Source data >>
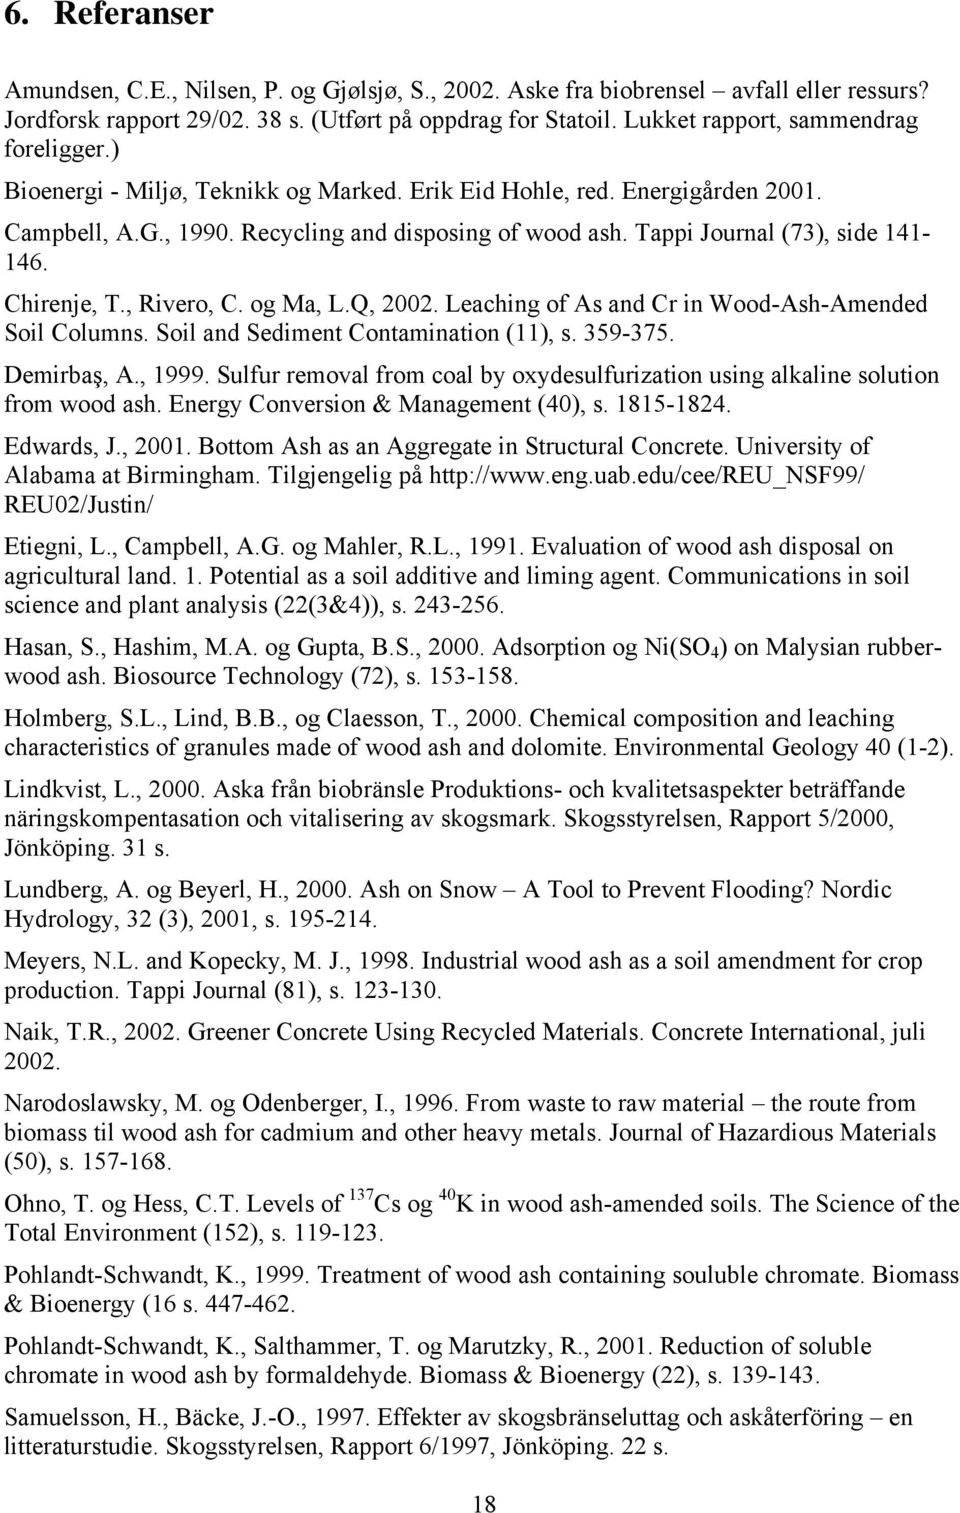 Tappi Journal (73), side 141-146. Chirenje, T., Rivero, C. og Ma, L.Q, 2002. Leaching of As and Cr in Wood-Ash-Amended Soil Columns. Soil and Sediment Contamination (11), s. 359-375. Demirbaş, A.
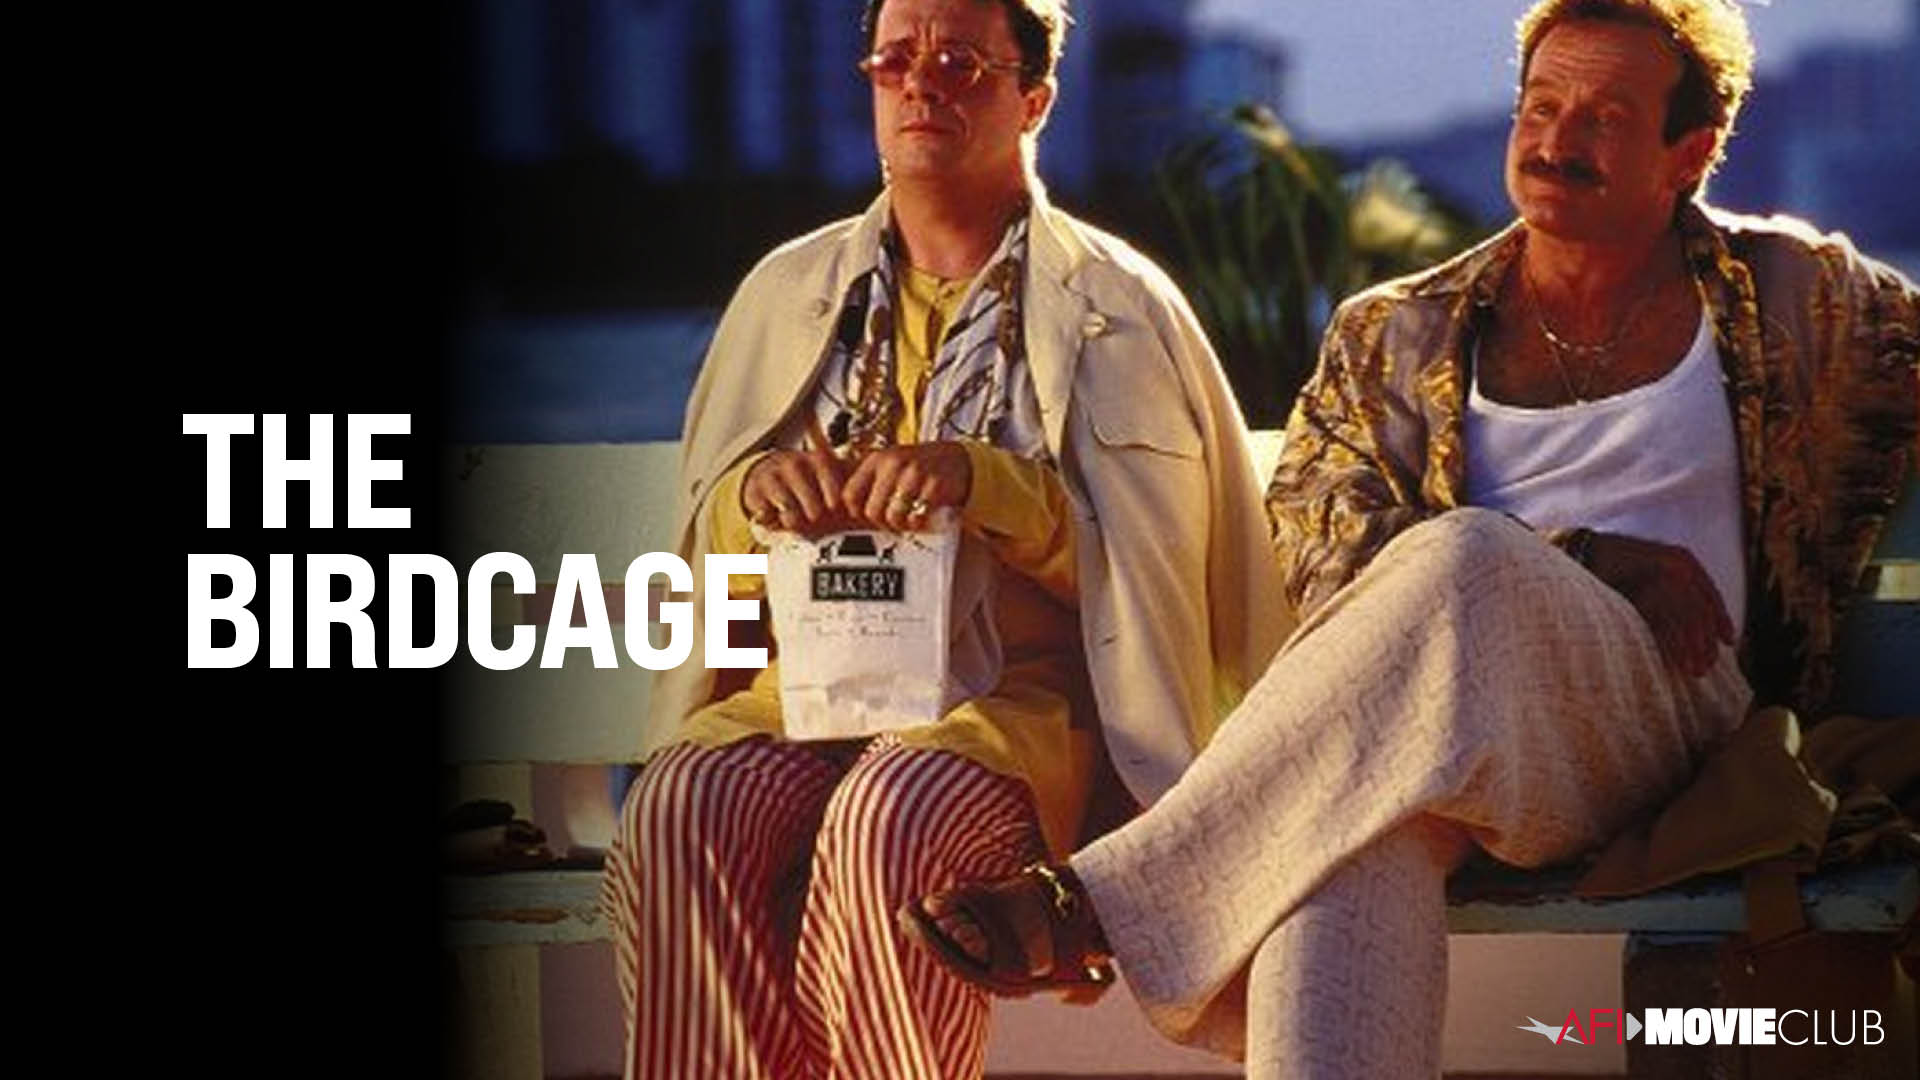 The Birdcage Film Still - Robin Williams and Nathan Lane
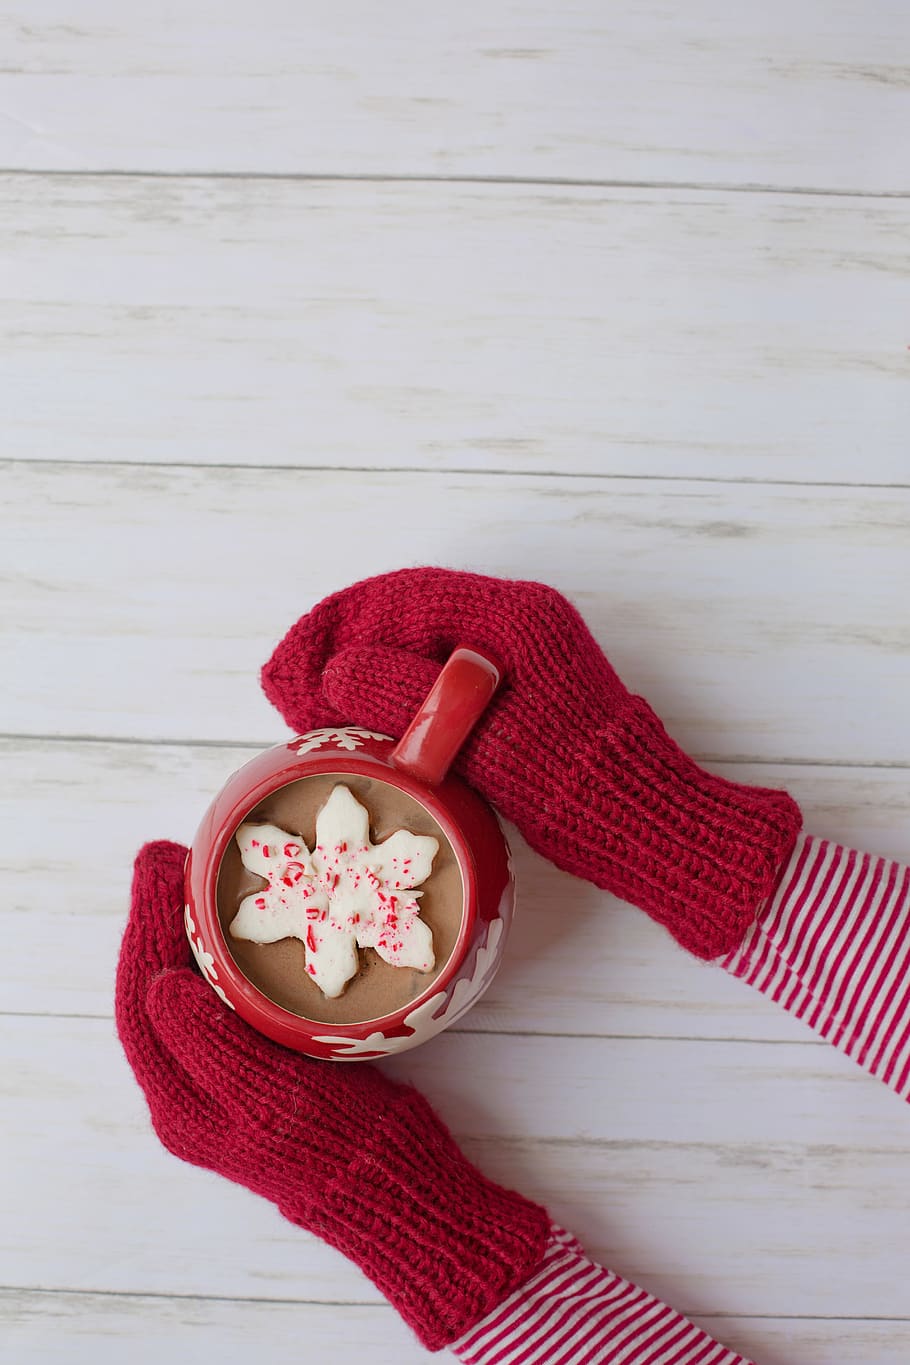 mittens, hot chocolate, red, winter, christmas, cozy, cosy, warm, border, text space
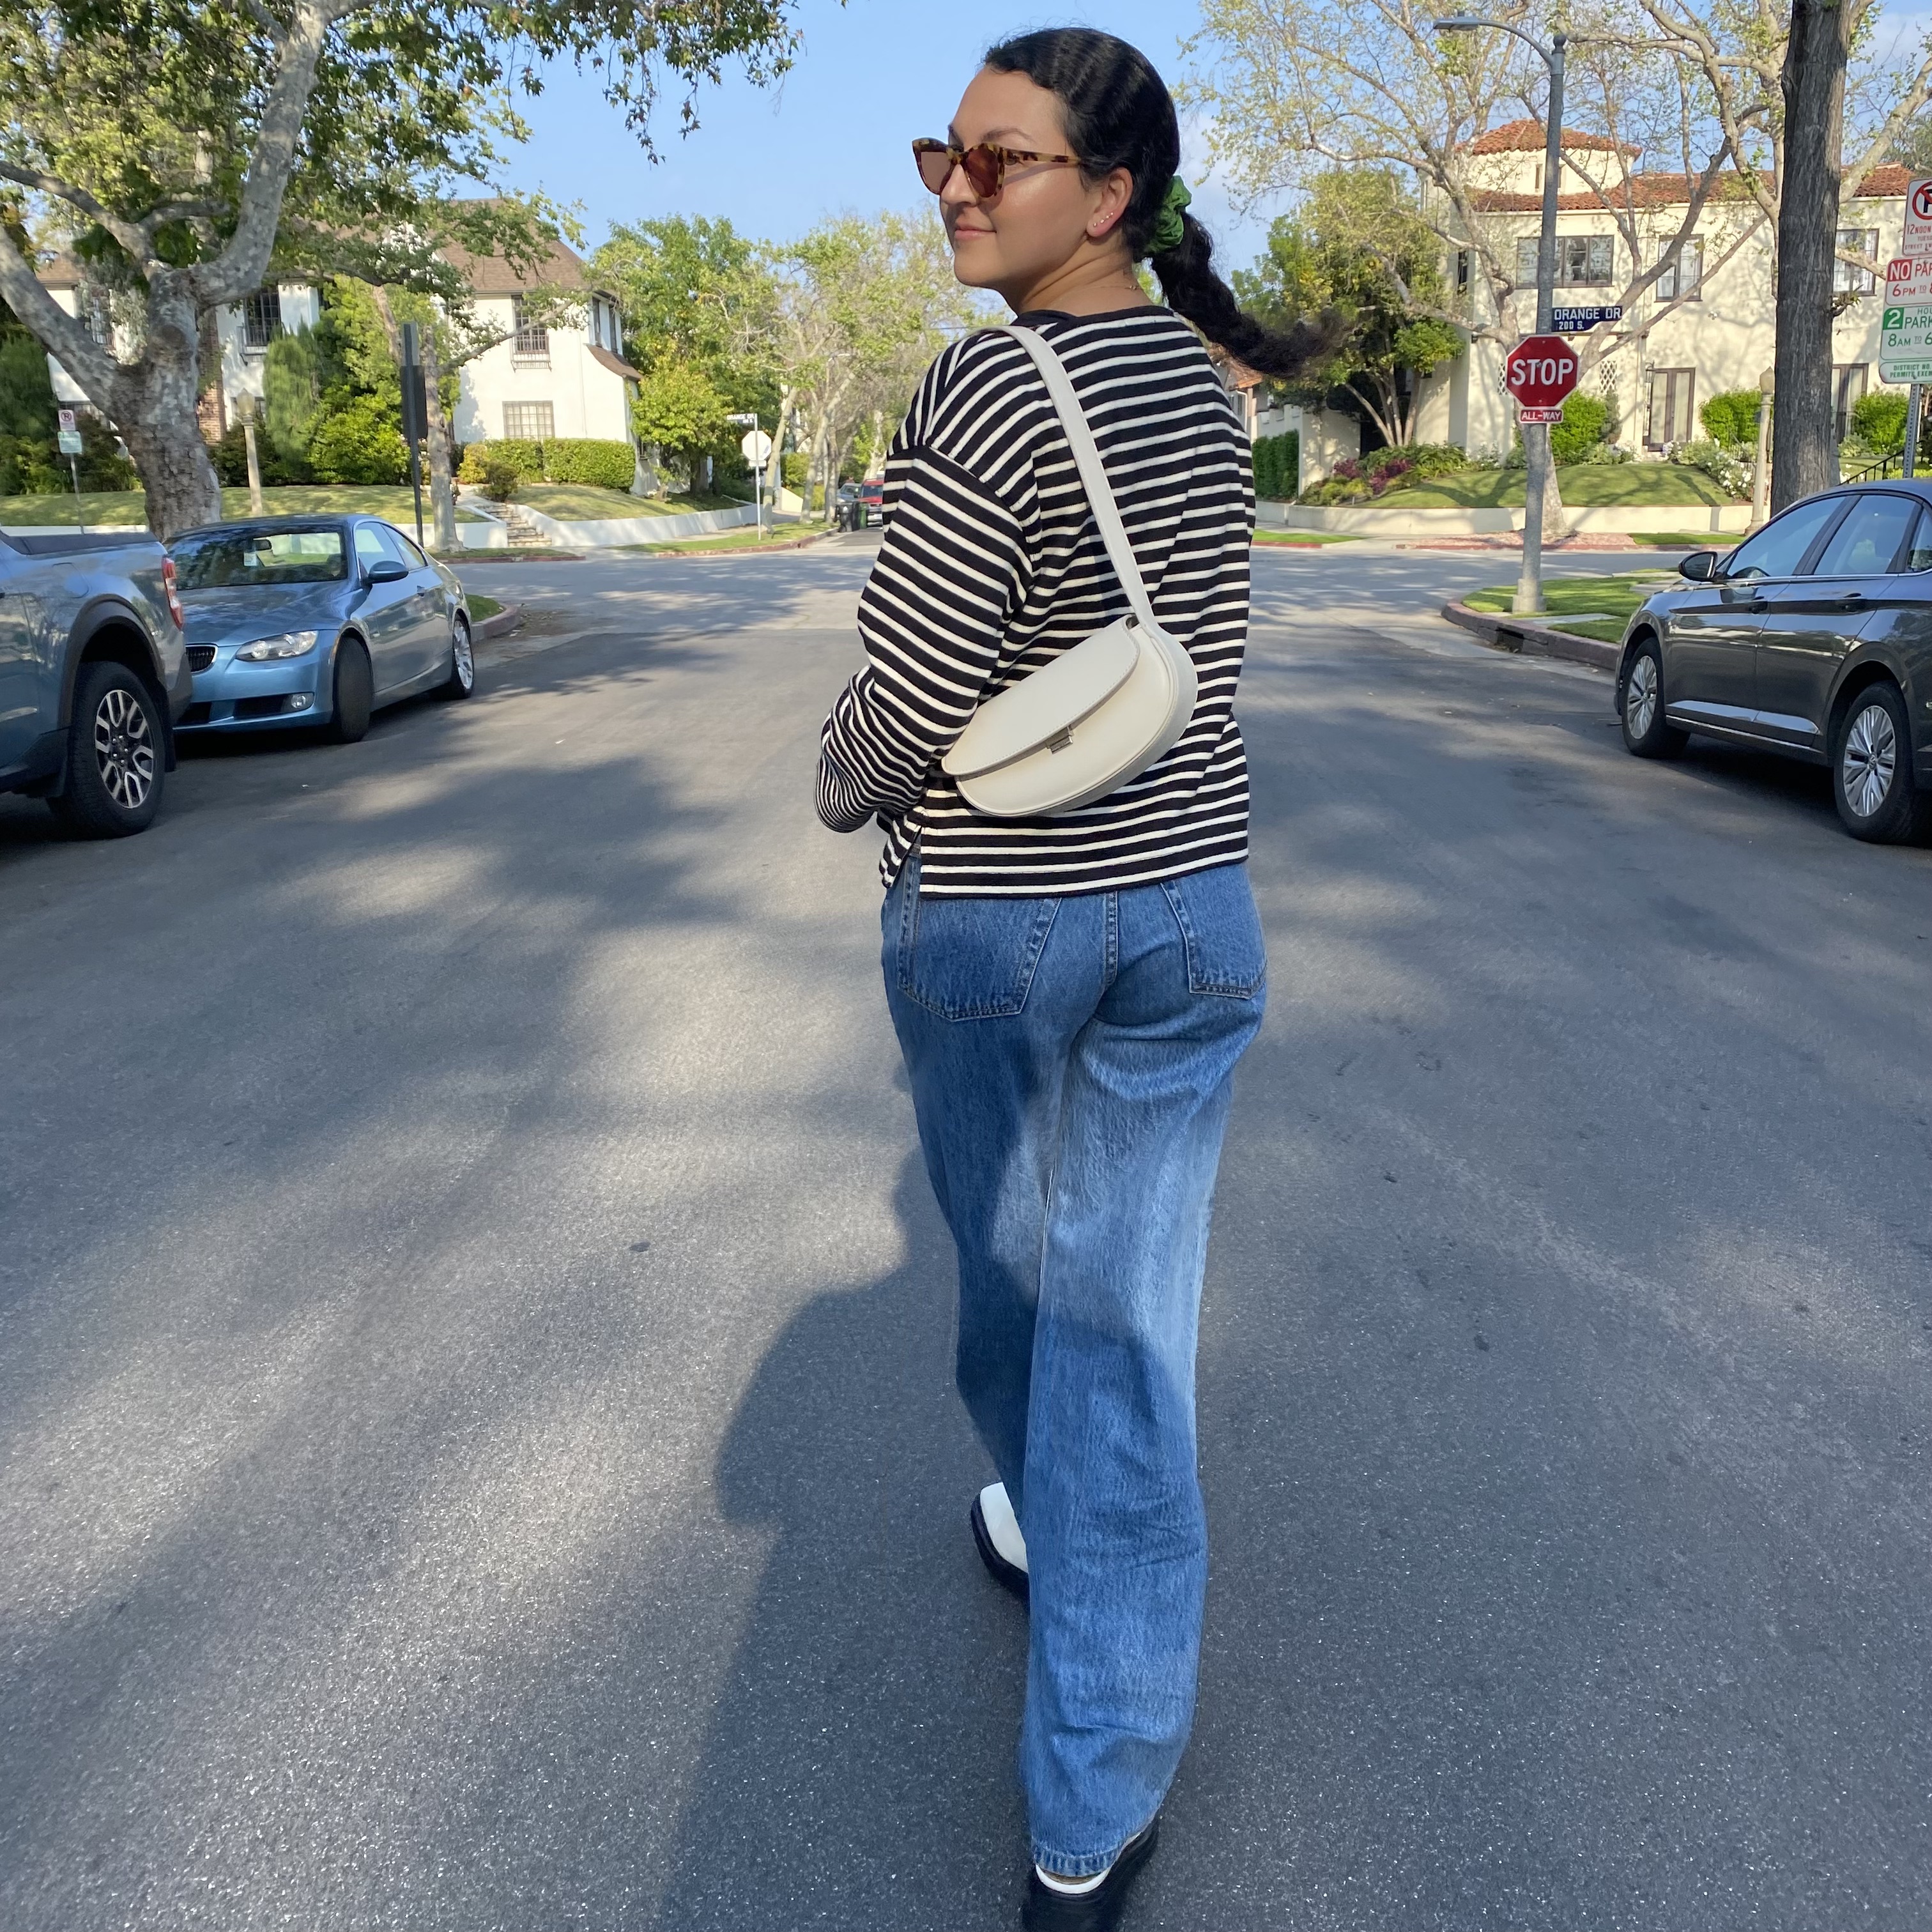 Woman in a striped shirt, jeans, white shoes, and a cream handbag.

Requirement >> The output must match, line for line, the span from the line containing "The Birdcage Film" through the end of the data, with the pictures removed.

Response to the exercise >>
 The Birdcage Film Still - Robin Williams and Nathan Lane
 mittens, hot chocolate, red, winter, christmas, cozy, cosy, warm, border, text space
 Woman in a striped shirt, jeans, white shoes, and a cream handbag.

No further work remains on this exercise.